On Thursday, 7 October 2021, from 10h00 GMT, Broadcast Media Africa (BMA), in partnership with Apricity Consulting, will be hosting a virtual forum on “Risks And Disaster Safeguarding For Audio-Visual Archives In Africa”.
Leading to the Online Forum, BMA conversed with Caroline Caruelle, the Founder Associate of Archive TV. During the conversation, Caroline Caruelle highlighted the convenience of the digital world. Moreover, Caruelle raised concerns within this digital shift, noting that digitisation has led to a decline in production costs and low-cost contents access. Furthermore, Caroline hoped that the forthcoming online forum and the industry programme would offset attendees to be solution-minded rather than focusing on problem areas.
Below is the excerpt of BMA’s conversation with Caroline Caruelle:
BMA: What influenced your decision to agree to participate in the Online Forum on “Risks And Disaster Safeguarding For Audio-Visual Archives In Africa”?
Caroline Caruelle: During my professional experiences, I oversaw many audio-visuals and film heritage for various clients. I experimented with many types of risks and disasters for which our job was to put in place good practices to avoid them happening.
I am happy to share the type of risks and disaster safeguarding with the Broadcast Media audience, not to frighten people but to help to build action plans.
BMA: What aspects of the audio-visual archiving and preservation sector are you passionate about?
Caroline Caruelle: Televisions archives are fascinating because of the diversity of programmes and because archives are held by broadcasters who are not always, or not often, the right-owners of the programmes; nevertheless, considering its role and position on the market, preservation is assumed as part of its missions. It looks acceptable for “traditional” TV broadcasters, but what about web-based broadcasters for digital-born productions? Are they also concerned by preserving the files they were given to display?
Corporate contents are essential and could benefit more attention because they tell a lot about the history of peoples and countries.
Film archives are essential because sustaining its film production, supporting the rebirth of old films, are building and enforcing its own culture.
Considering these different sectors, building new revenues lines for archives contents, creating a positive equation out of preserving archives contents is my passion.
BMA: What is the biggest industry challenge currently concerning the safeguarding of audio-visual archives?
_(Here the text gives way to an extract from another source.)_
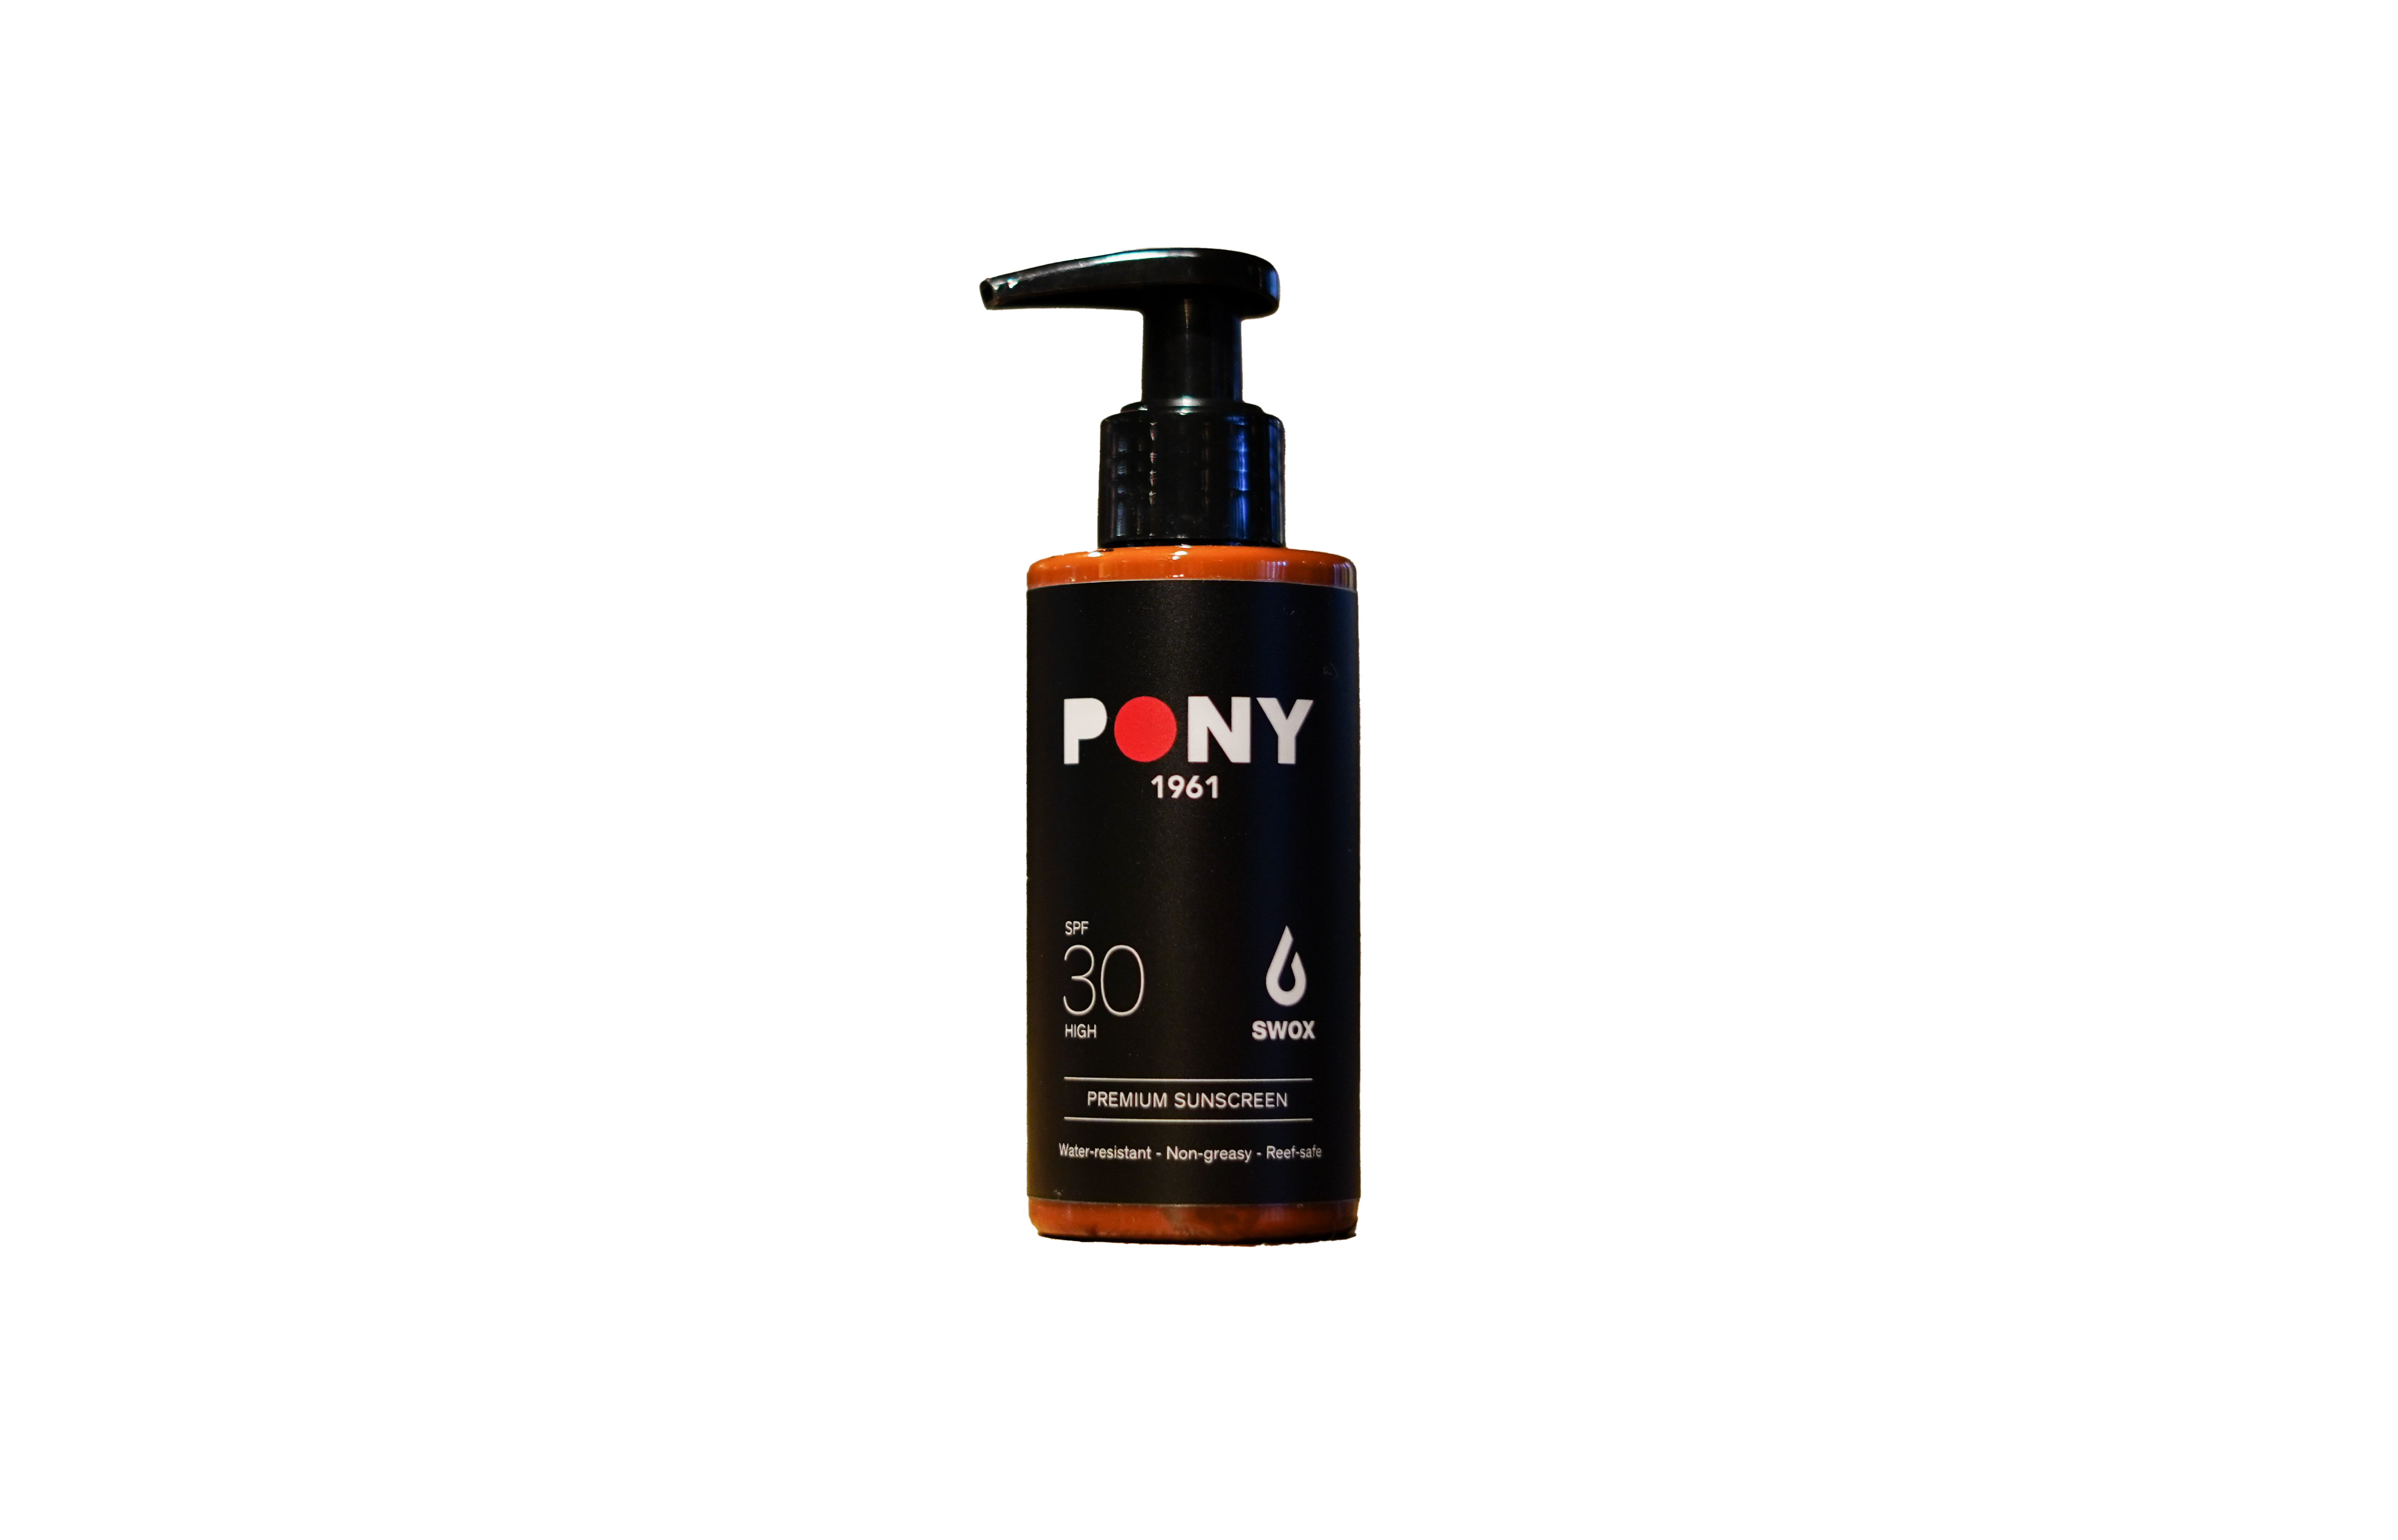 Pony Premium Sunscreen by SWOX

Caroline Caruelle: Scope of volumes, the scope of budgets. I started in the ’90s, and till 2005/2006, safeguarding audio-visual archives meant taking care of an object, a film reel, a tape for which the owner was known or at least defined. Chase duplicates, focus on patrimonial assets (original / master) and apply preservation good practices are processes we have the knowledge and equipment for.
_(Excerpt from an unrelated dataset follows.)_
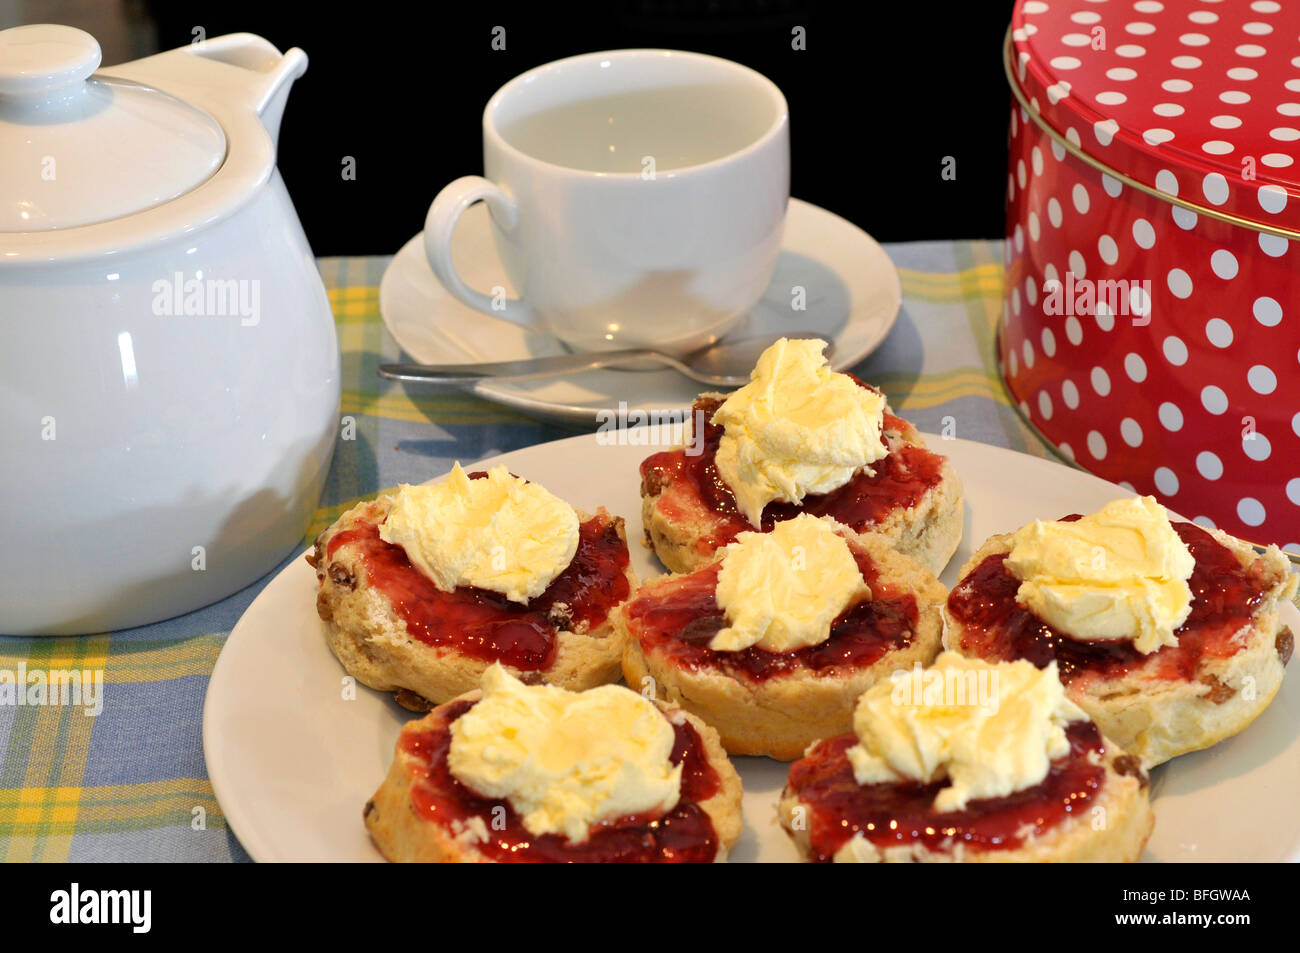 Cream Tea, Traditional Cream Tea, scones with jam and clotted cream and pot of tea Stock Photo

The digital transition of our sector is excellent news; creativity has increased massively, costs of production have gone down, more people can afford low-cost access to content. However, masters are not objects anymore; they are files. So where are the masters-files, who hold them, who is in charge of migration, preservation, safeguarding? Do we think our industry can afford for few more decades such scaling growth of zettabytes?
Hopefully, artificial intelligence helps to index contents. Hopefully, Scientifics are working to compress volumes and keep quality, to invent new types of storage (DNA data storage, holographic data storage…), but does this come with the safeguarding good-practise manual and the budget needed for?
BMA: In your opinion, what do you think can be done to improve business continuity strategies applied during disruptions?
Caroline Caruelle: We are part of a specific sector that is cultural and creative industries; business continuity managers cannot be only computer/IT-oriented people; they must understand specificities of cultural industries. So probably starting point would be to train and hire more business continuity managers specialised for our audio-visual organisations and make sure they report to the highest level within the organisation, so the practises and concerns are funded.
BMA: Could you please tell us what you hope fellow participants will take away from this industry event?
Caroline Caruelle: I would like the audience to not leave the conference with fears but a set of starting point solutions.